* THE PROBLEM *
Copy exactly, no pictures: every line from the one that contains "Sensor de Presença" through the end of the entries below.

━━ INPUT MATERIAL ━━

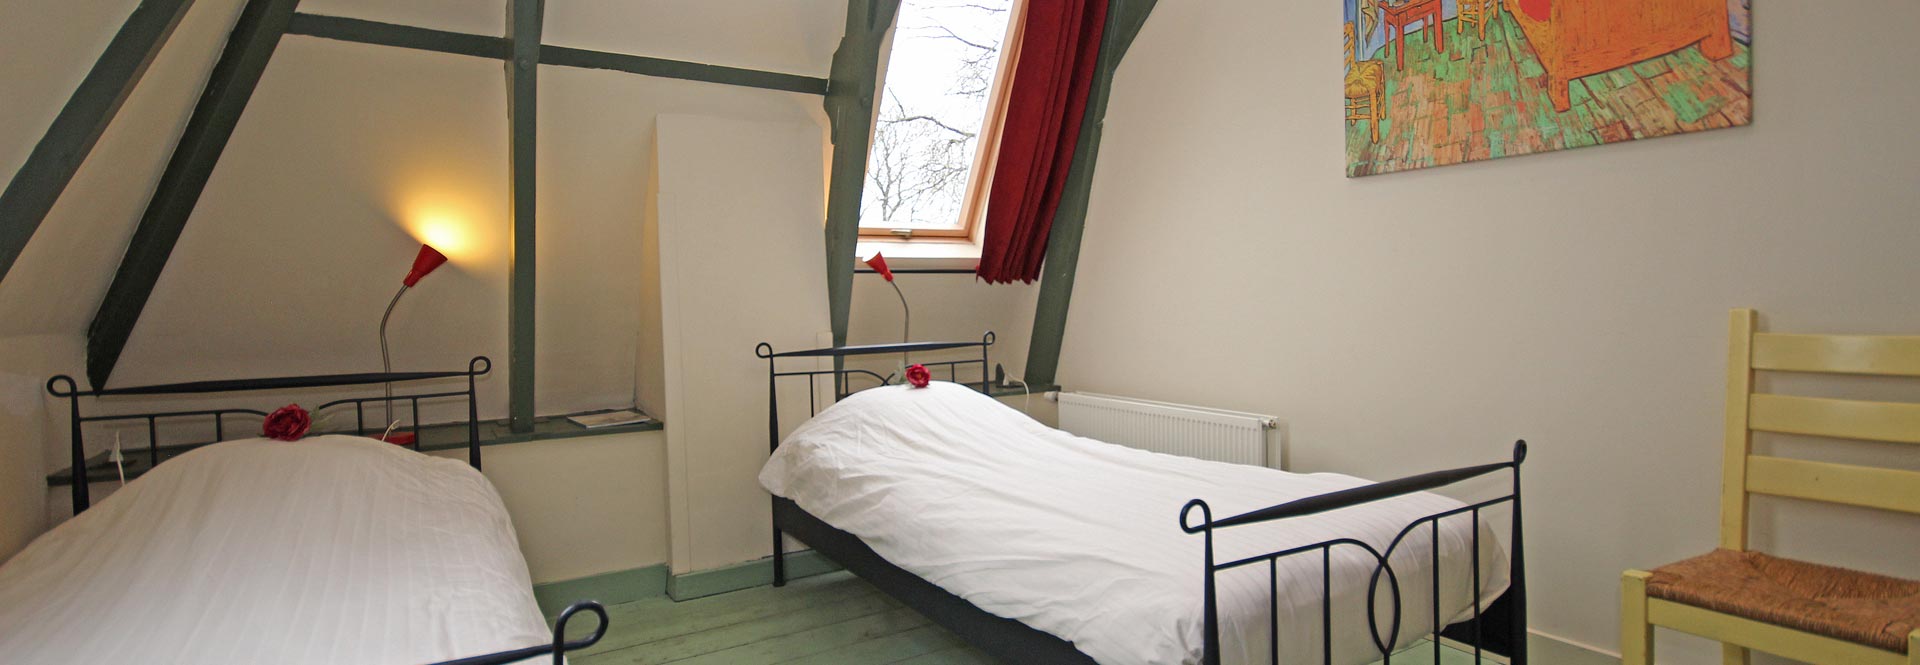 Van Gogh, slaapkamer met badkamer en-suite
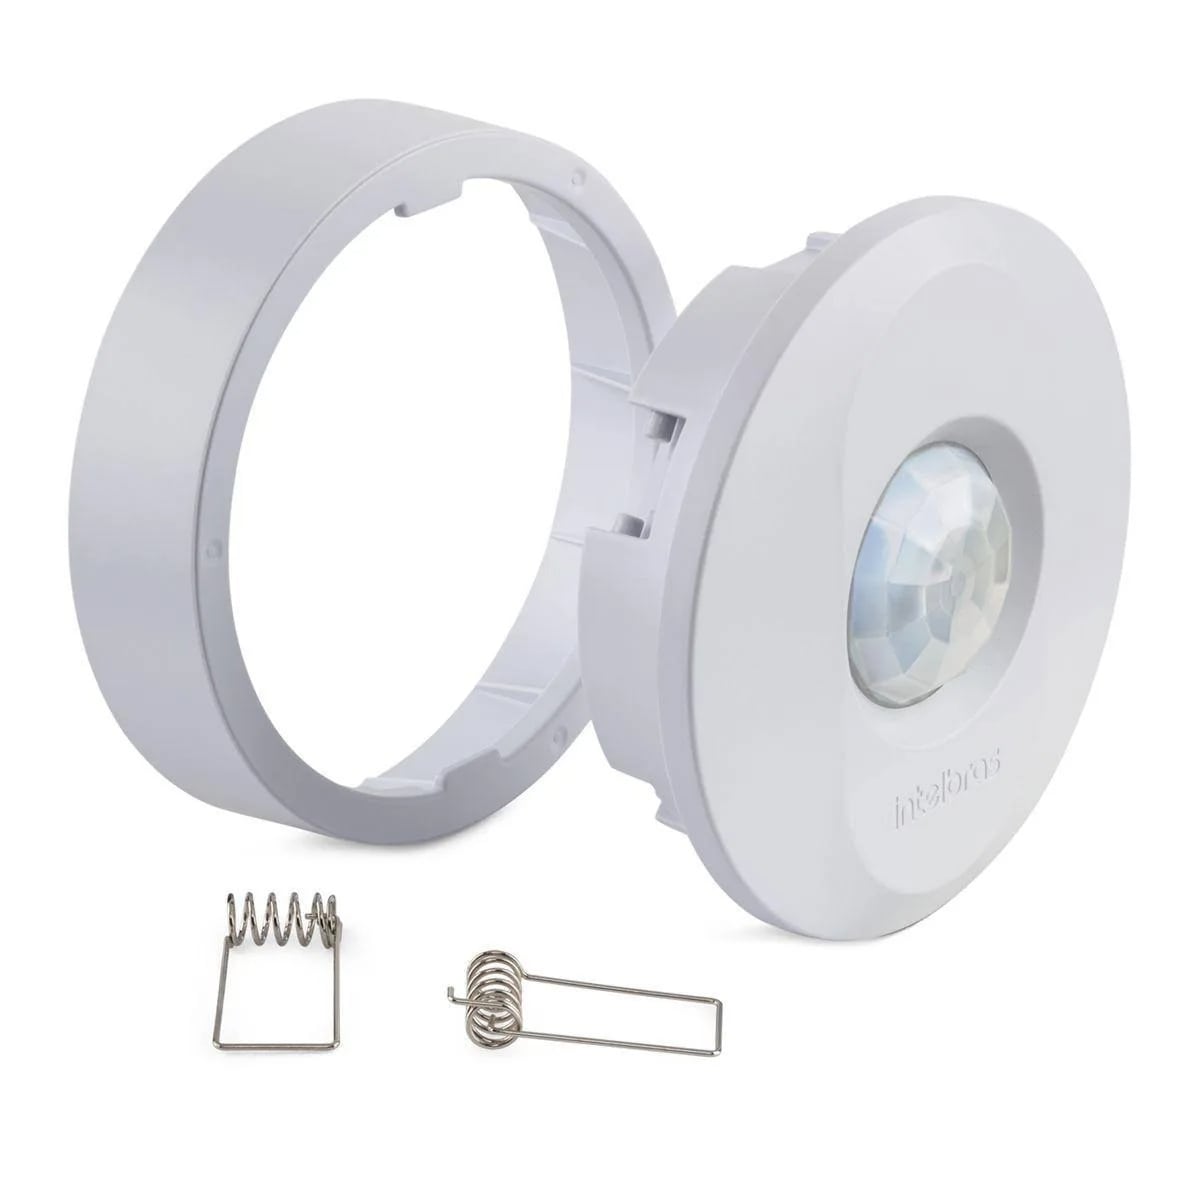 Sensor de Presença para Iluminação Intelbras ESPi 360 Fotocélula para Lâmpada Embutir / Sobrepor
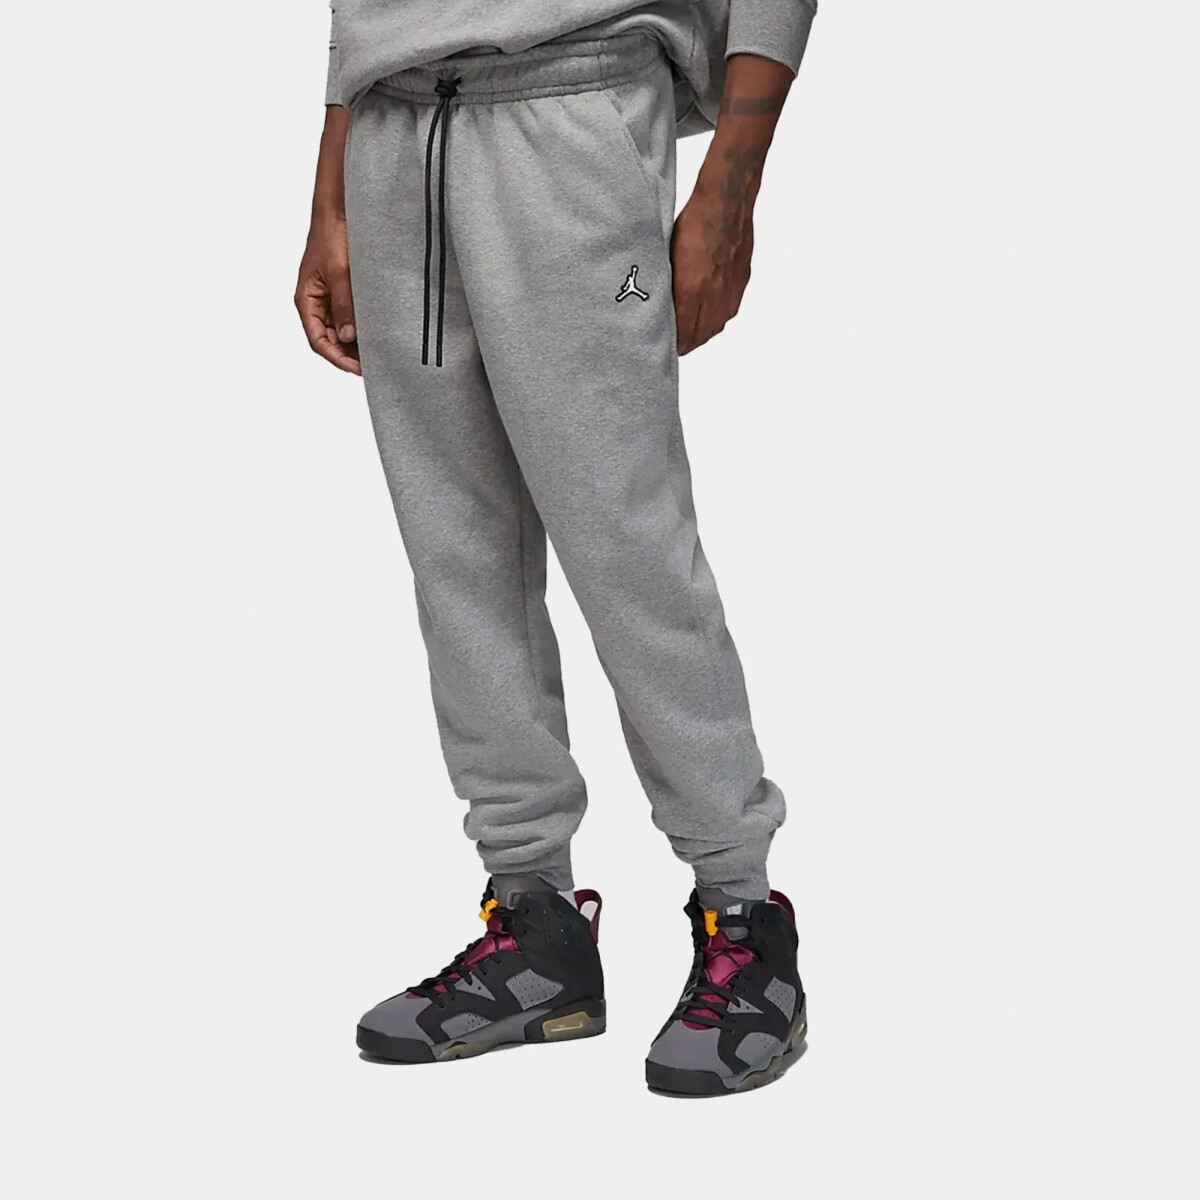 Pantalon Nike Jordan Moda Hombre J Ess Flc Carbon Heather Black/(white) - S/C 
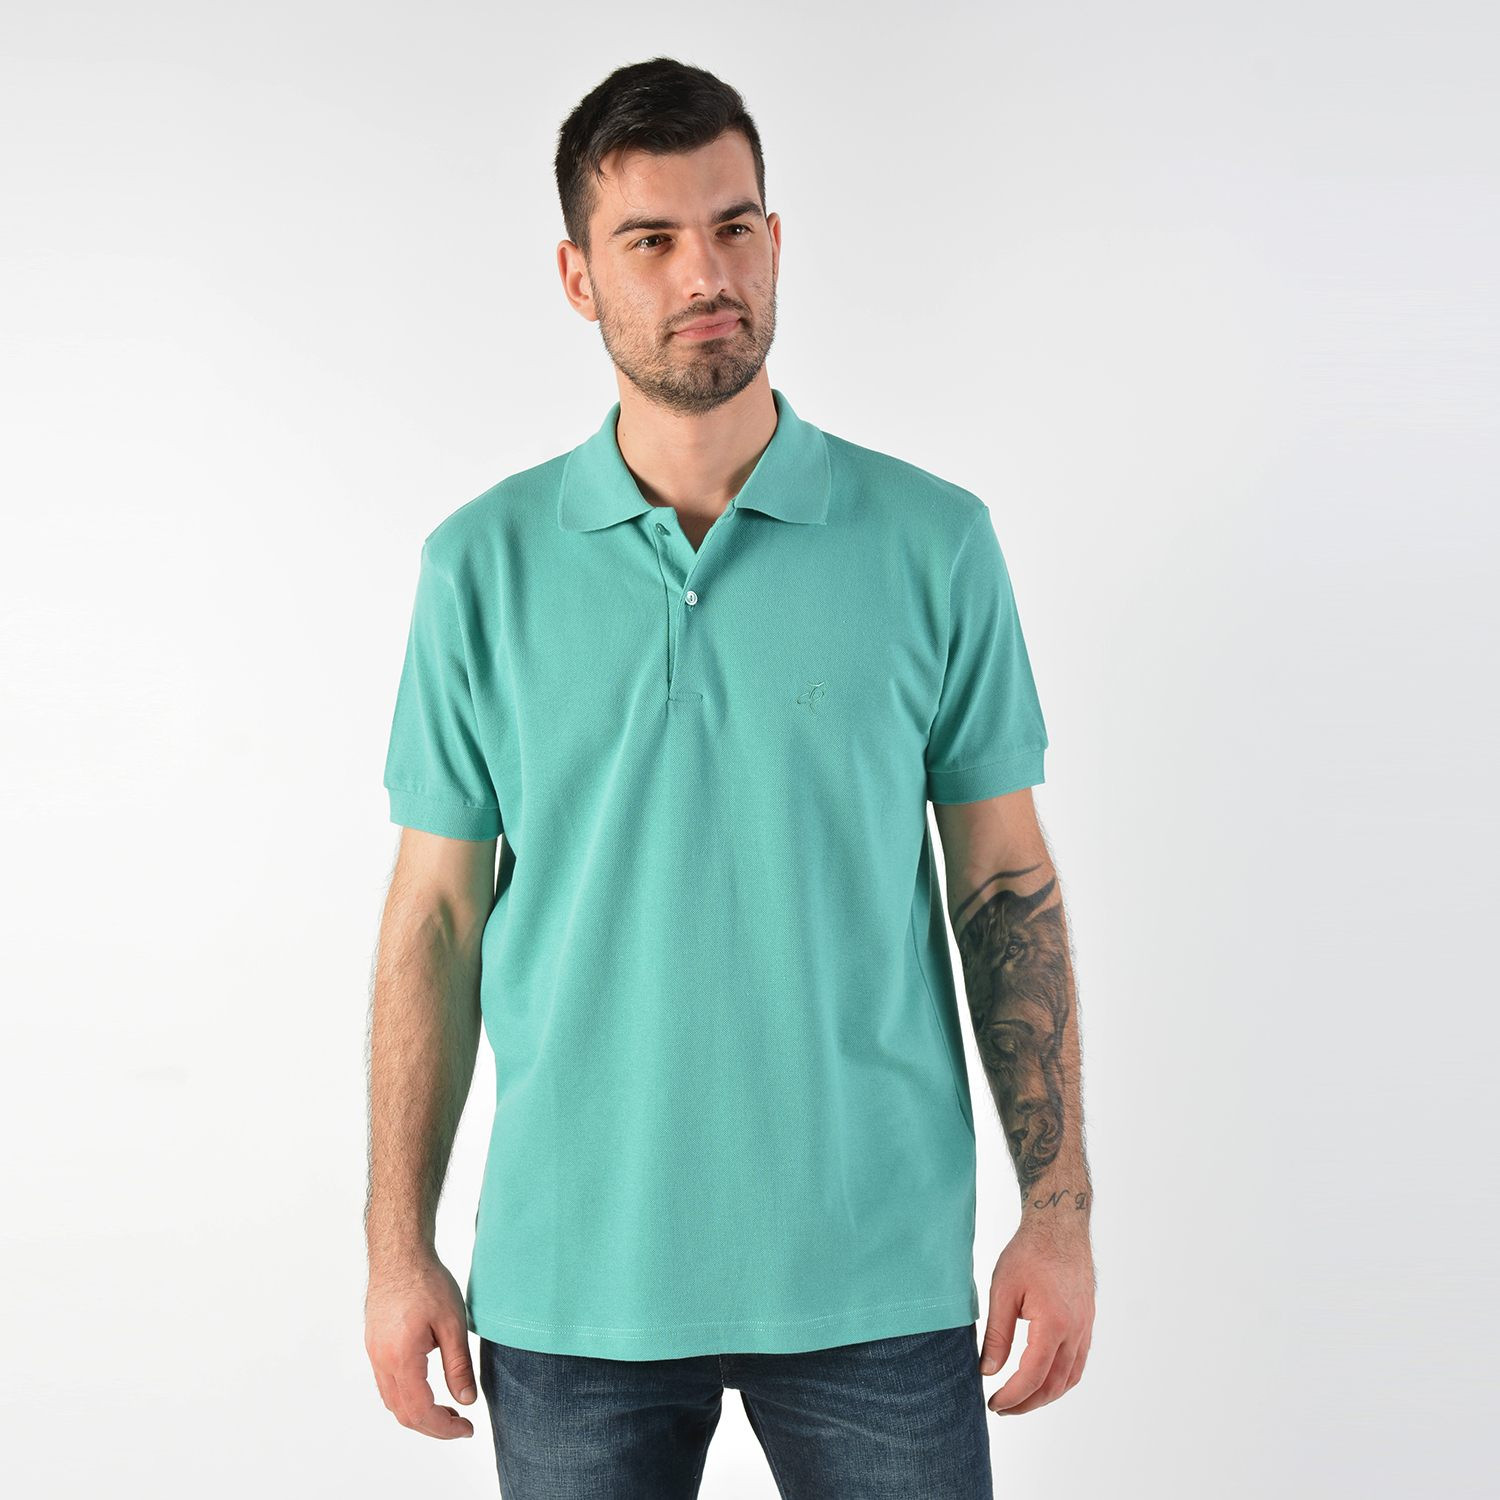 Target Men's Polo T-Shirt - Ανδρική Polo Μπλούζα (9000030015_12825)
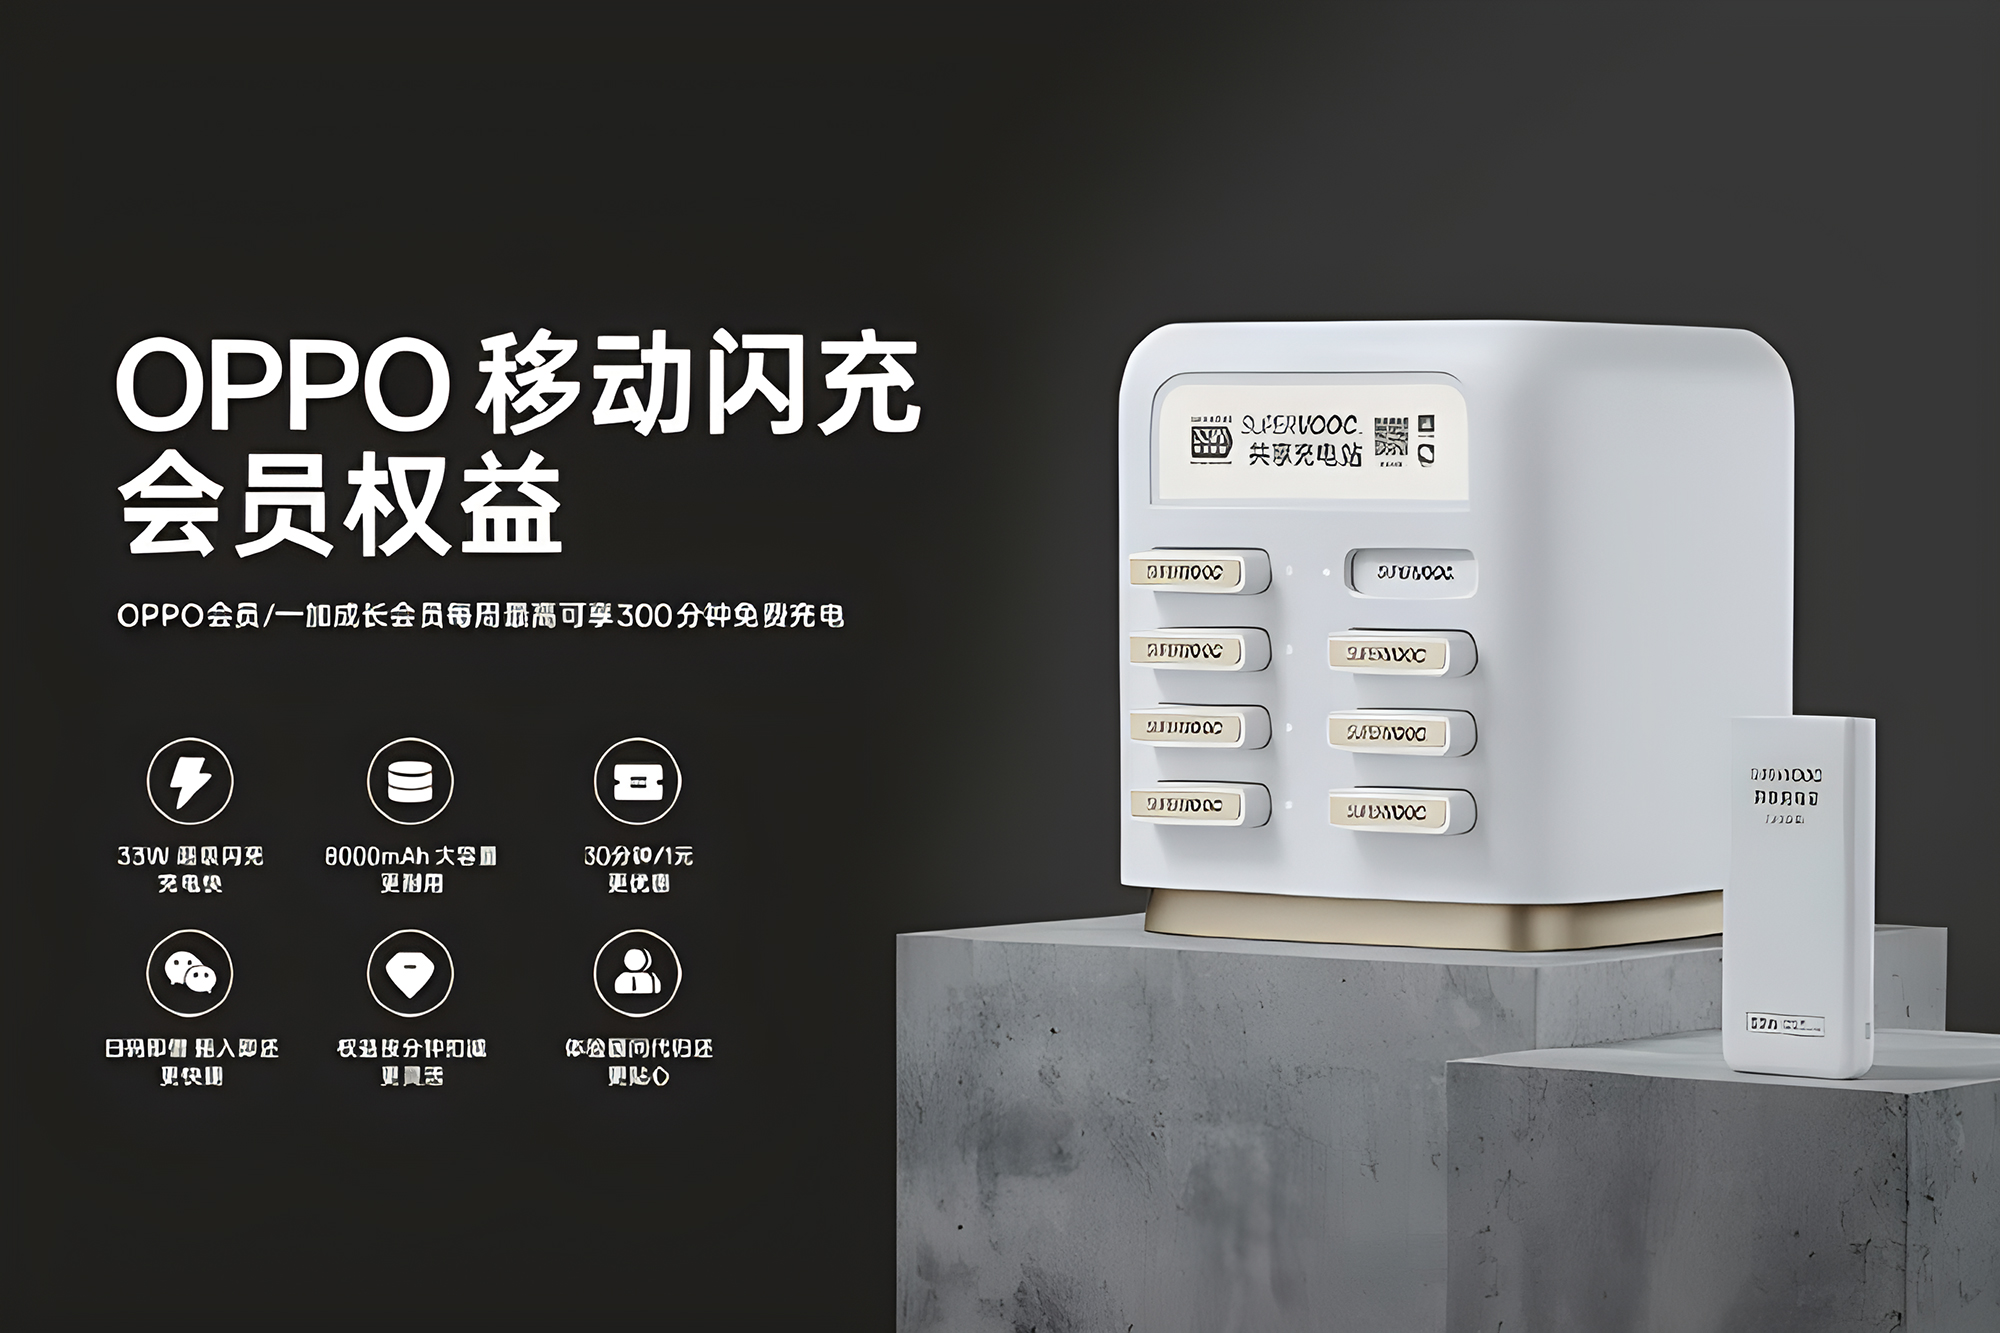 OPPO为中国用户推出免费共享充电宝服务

━━━

* EXERCISE OUTPUT *
 Sensor de Presença para Iluminação Intelbras ESPi 360 Fotocélula para Lâmpada Embutir / Sobrepor
 Pantalon Nike Jordan Moda Hombre J Ess Flc Carbon Heather Black/(white) - S/C 
 Target Men's Polo T-Shirt - Ανδρική Polo Μπλούζα (9000030015_12825)
 OPPO为中国用户推出免费共享充电宝服务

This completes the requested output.